___ Provided data
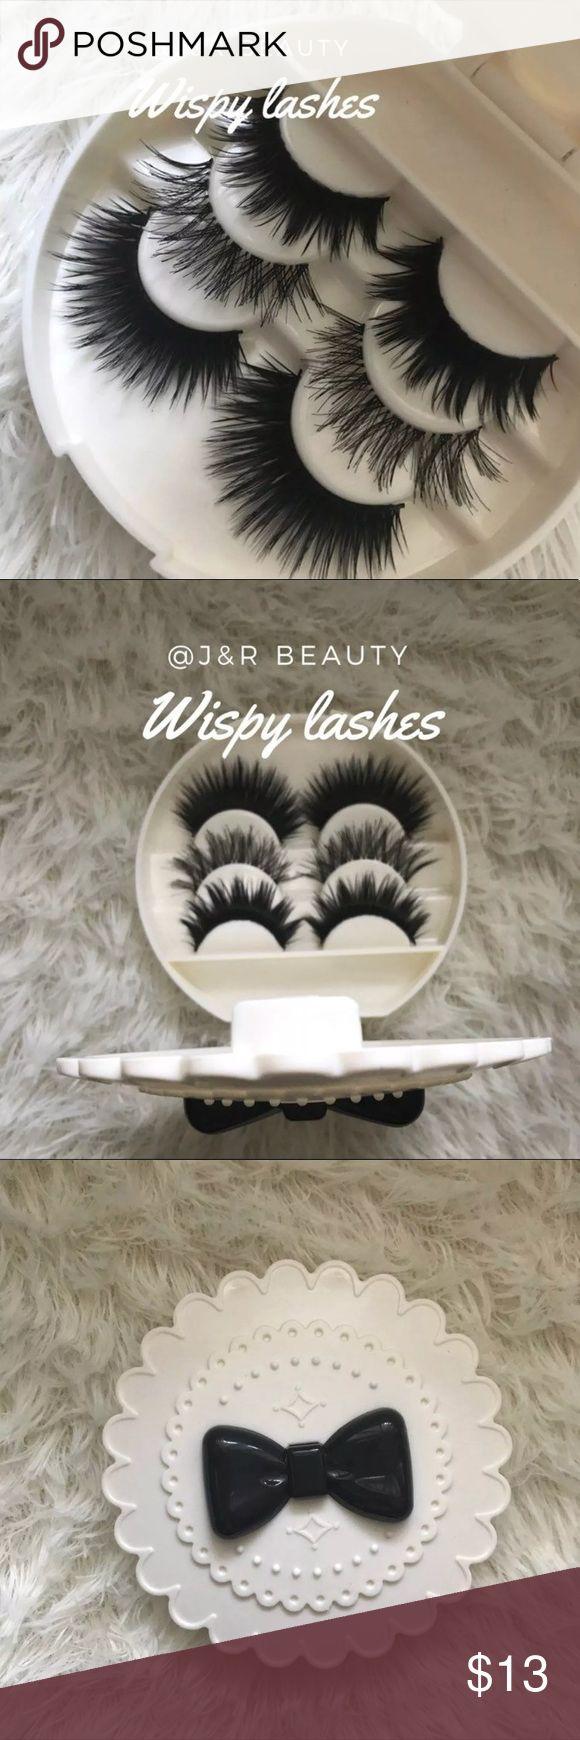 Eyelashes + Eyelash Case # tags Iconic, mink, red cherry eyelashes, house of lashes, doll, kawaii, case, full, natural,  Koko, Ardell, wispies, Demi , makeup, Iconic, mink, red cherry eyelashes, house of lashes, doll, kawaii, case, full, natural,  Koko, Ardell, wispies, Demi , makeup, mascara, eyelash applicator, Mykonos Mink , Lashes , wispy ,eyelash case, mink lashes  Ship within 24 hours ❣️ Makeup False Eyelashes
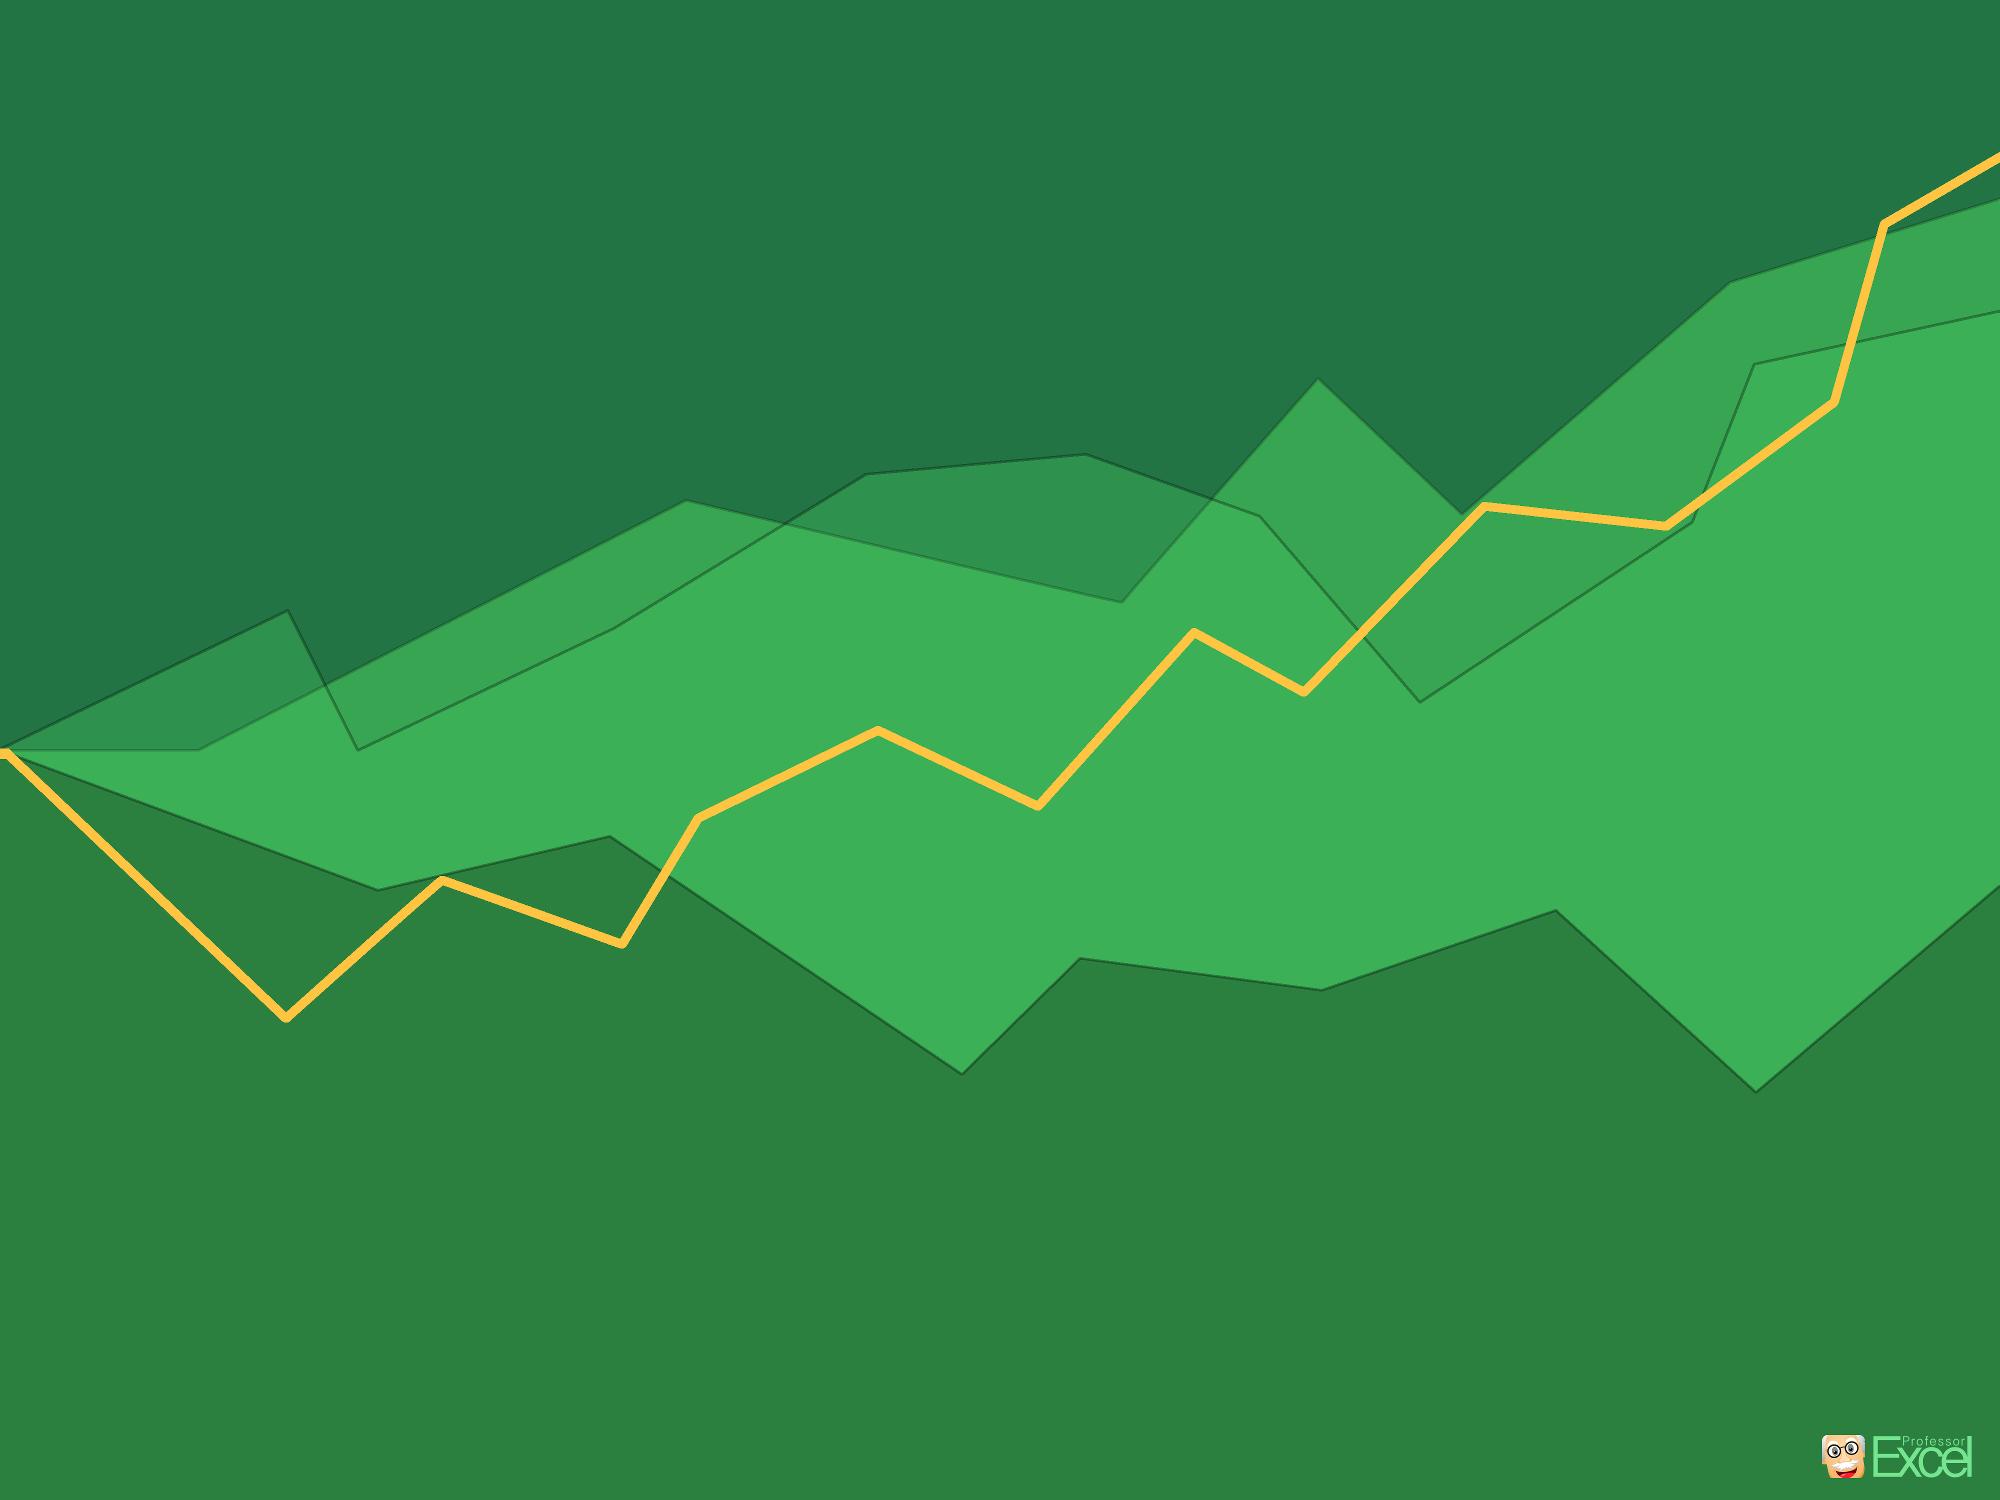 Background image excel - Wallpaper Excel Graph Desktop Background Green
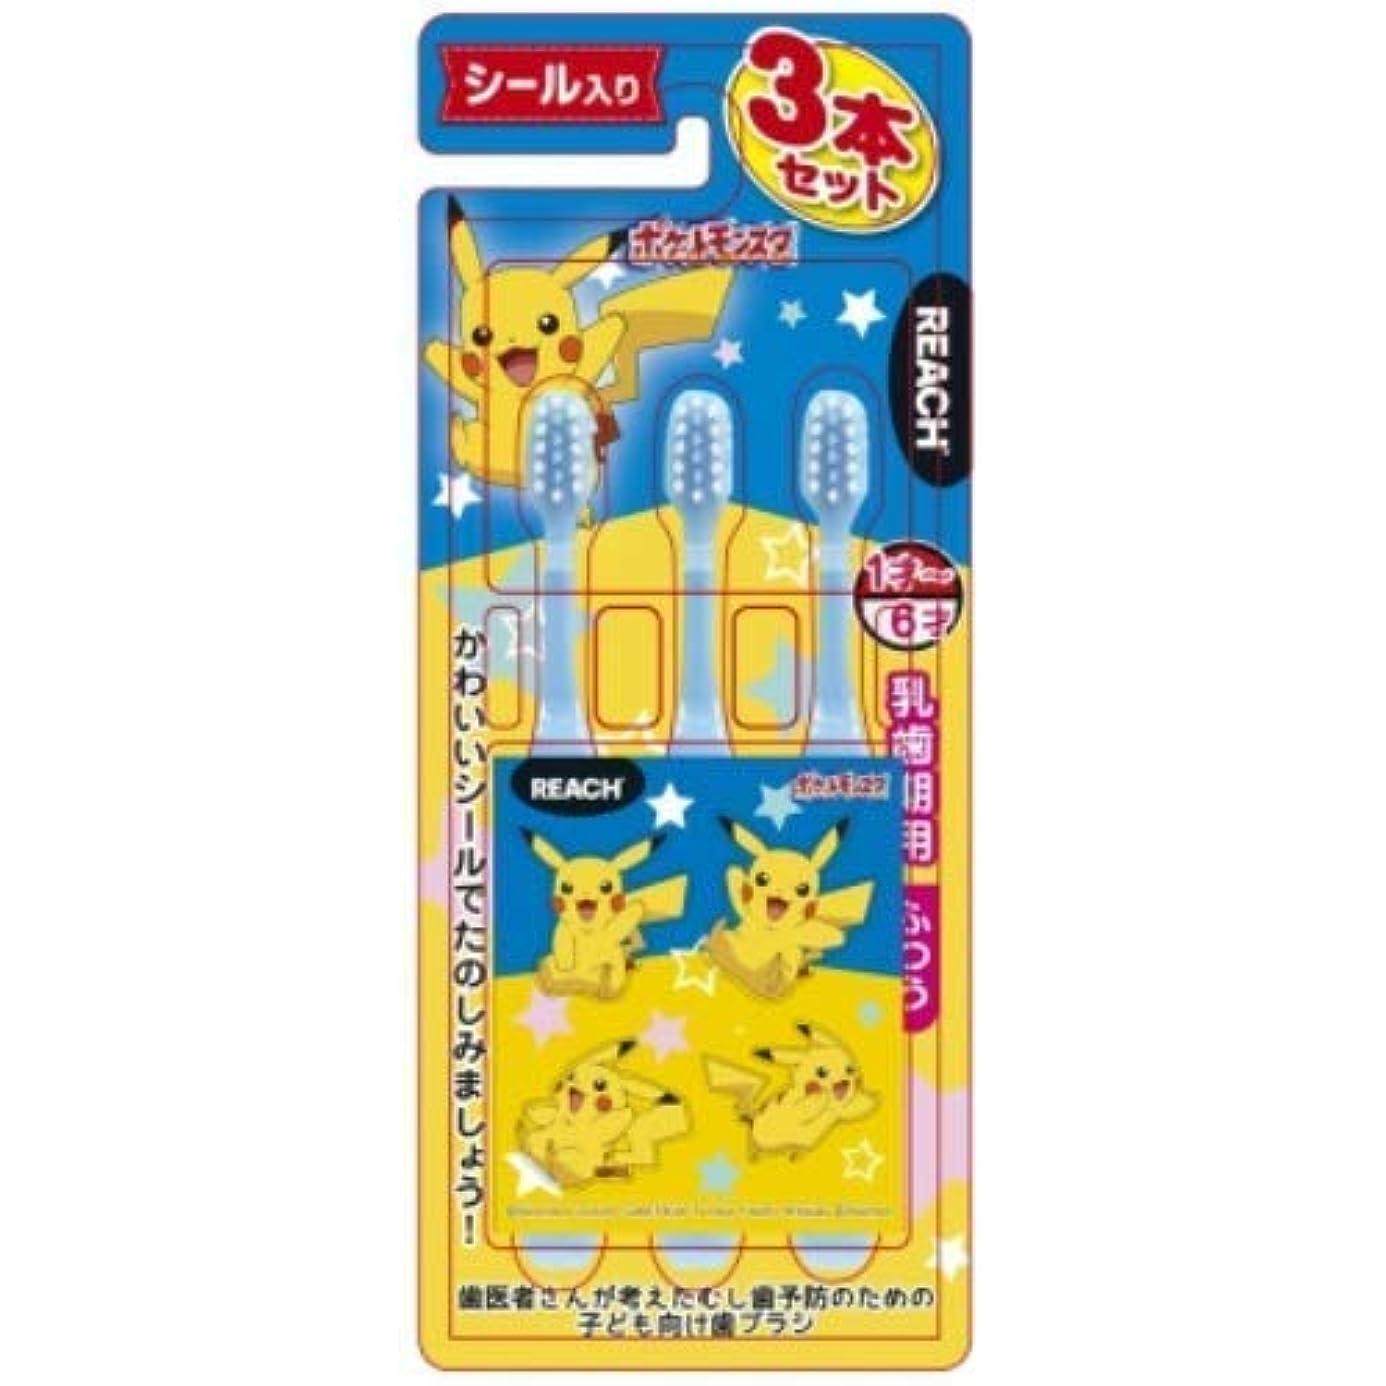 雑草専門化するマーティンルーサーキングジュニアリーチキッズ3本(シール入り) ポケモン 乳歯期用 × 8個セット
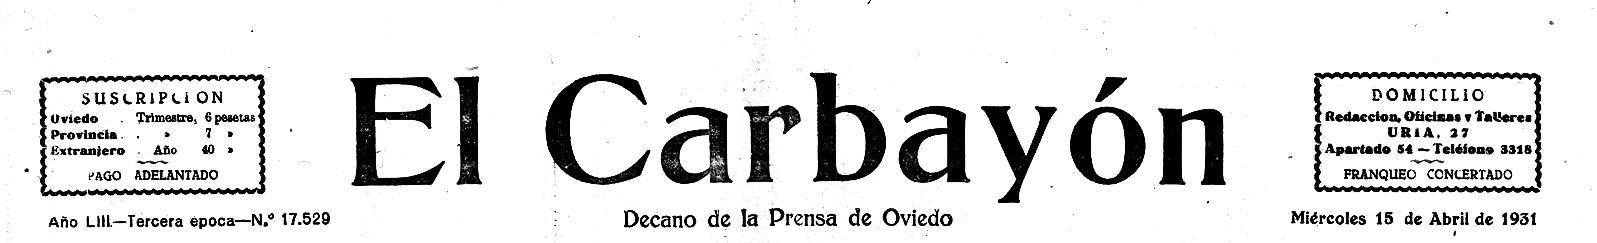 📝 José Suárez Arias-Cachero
______
» **Problem description**: Return the listing verbatim; pictures are not part of the copy.

» **Response to the exercise**:
 Eyelashes + Eyelash Case # tags Iconic, mink, red cherry eyelashes, house of lashes, doll, kawaii, case, full, natural,  Koko, Ardell, wispies, Demi , makeup, Iconic, mink, red cherry eyelashes, house of lashes, doll, kawaii, case, full, natural,  Koko, Ardell, wispies, Demi , makeup, mascara, eyelash applicator, Mykonos Mink , Lashes , wispy ,eyelash case, mink lashes  Ship within 24 hours ❣️ Makeup False Eyelashes
 Background image excel - Wallpaper Excel Graph Desktop Background Green
 雑草専門化するマーティンルーサーキングジュニアリーチキッズ3本(シール入り) ポケモン 乳歯期用 × 8個セット
 📝 José Suárez Arias-Cachero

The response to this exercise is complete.